Need a “do-over” at work?
How to recover from stupid mistakes

By Judy Carter

We all mess up sometimes—a meeting falls flat, coffee gets spilled on your keyboard, you lose your temper with a co-worker, you step on the gas instead of the brake and smash into someone’s house. Well, some mistakes are bigger than others. But whether you are a salesperson who just lost an important account, or an frustrated employee who just told off the boss, don’t start looking in the want ads yet. If you play your cards right you too can get a second chance for a do-over using something as simple as your sense of humor. Laughter breaks tension, changes the mood and, most importantly, creates an opening for a do-over. And a little light-hearted self-deprecating humor has the added benefit of making you appear more human and likeable.

There are some simple techniques that will work to give anyone a second chance with their boss.

Four tips on how to get a do-over at work.

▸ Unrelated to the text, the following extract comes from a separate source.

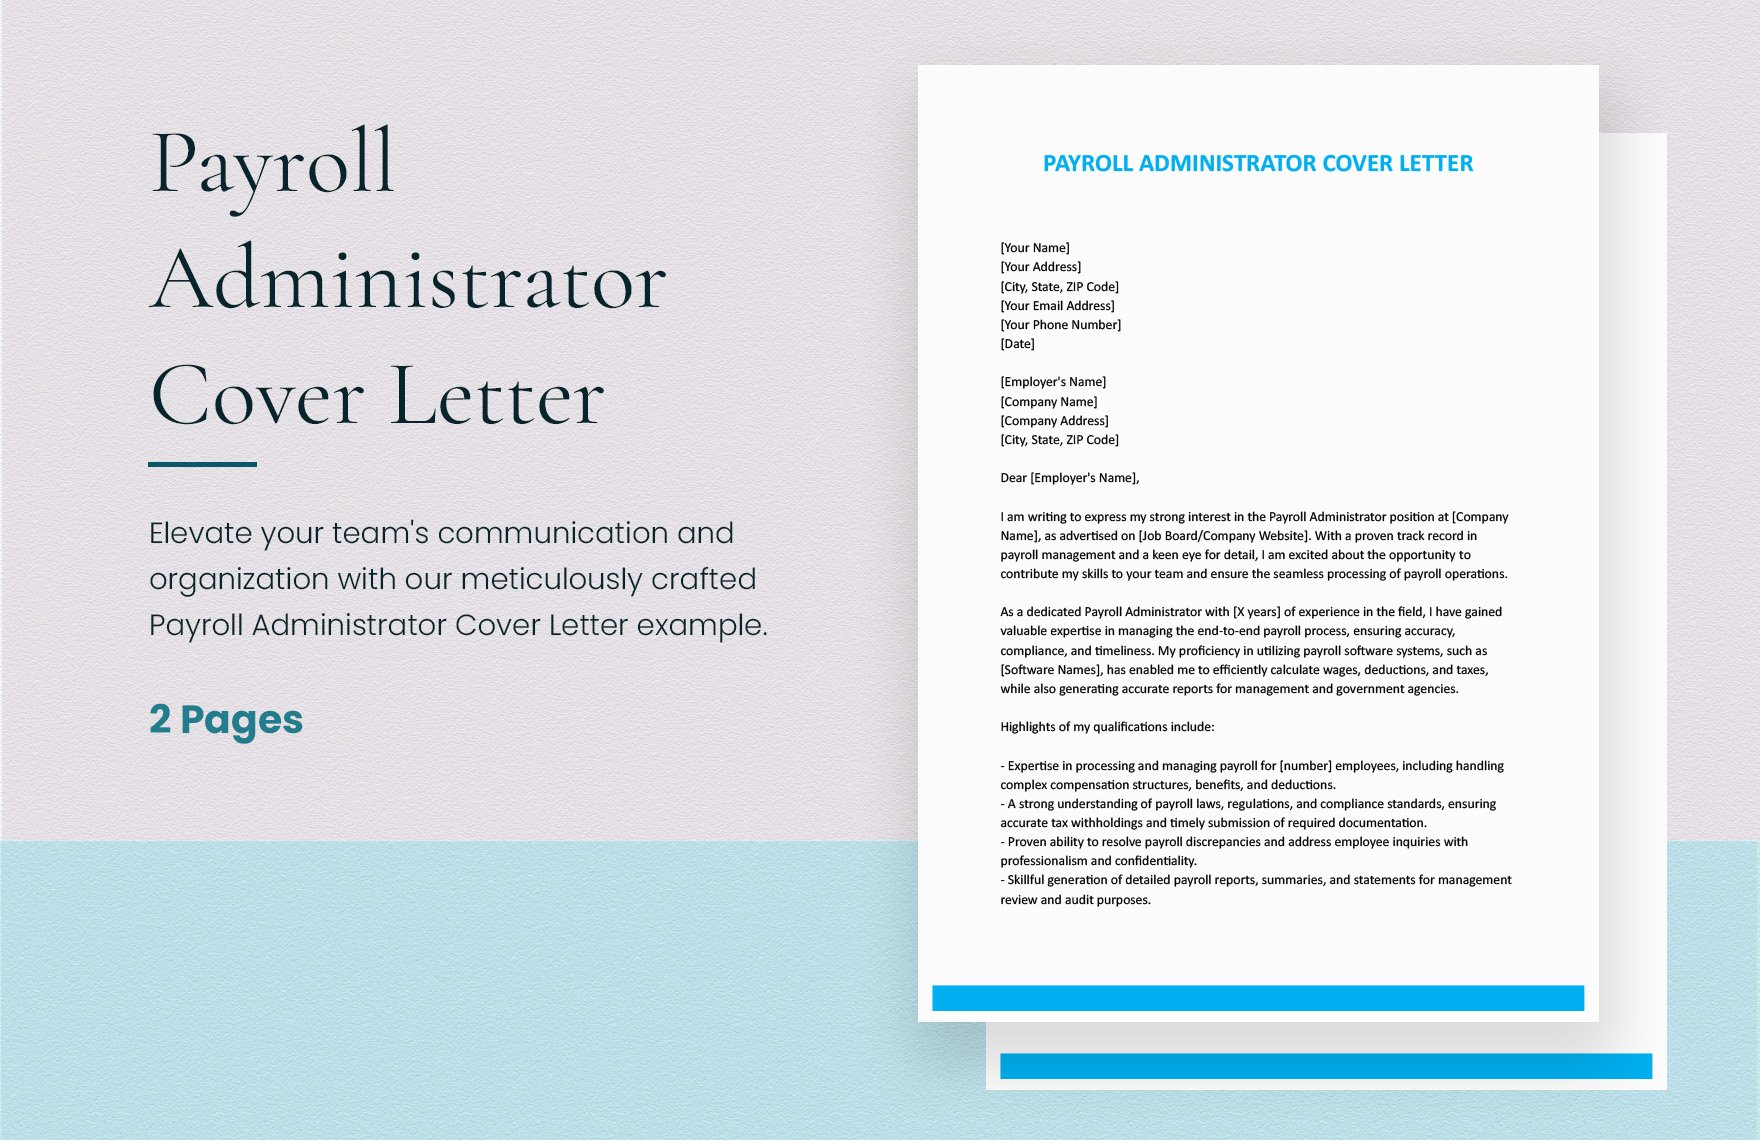 Payroll Administrator Cover Letter

1. When caught, admit the mistake immediately.

If your mistake is obvious, rather than pretending it didn’t happen,
diminishing its importance or defending it, admit it without excuses and ask for the chance to rectify it. Lying about what you did will probably get you in more hot water than the mistake itself.

“I didn’t know that was company policy.”
“I didn’t say that.”

If you have already made a mistake, don’t make matters worse by committing another one by lying. It will come back to haunt you. You don’t want to end up with a story that ends in “Officegate,” or have to wear a security ankle bracelet preventing you from decorating cakes on your TV show, or have Oprah really mad at you for lying in your book. A good boss knows that everyone makes mistakes, but a trustworthy employee fesses up.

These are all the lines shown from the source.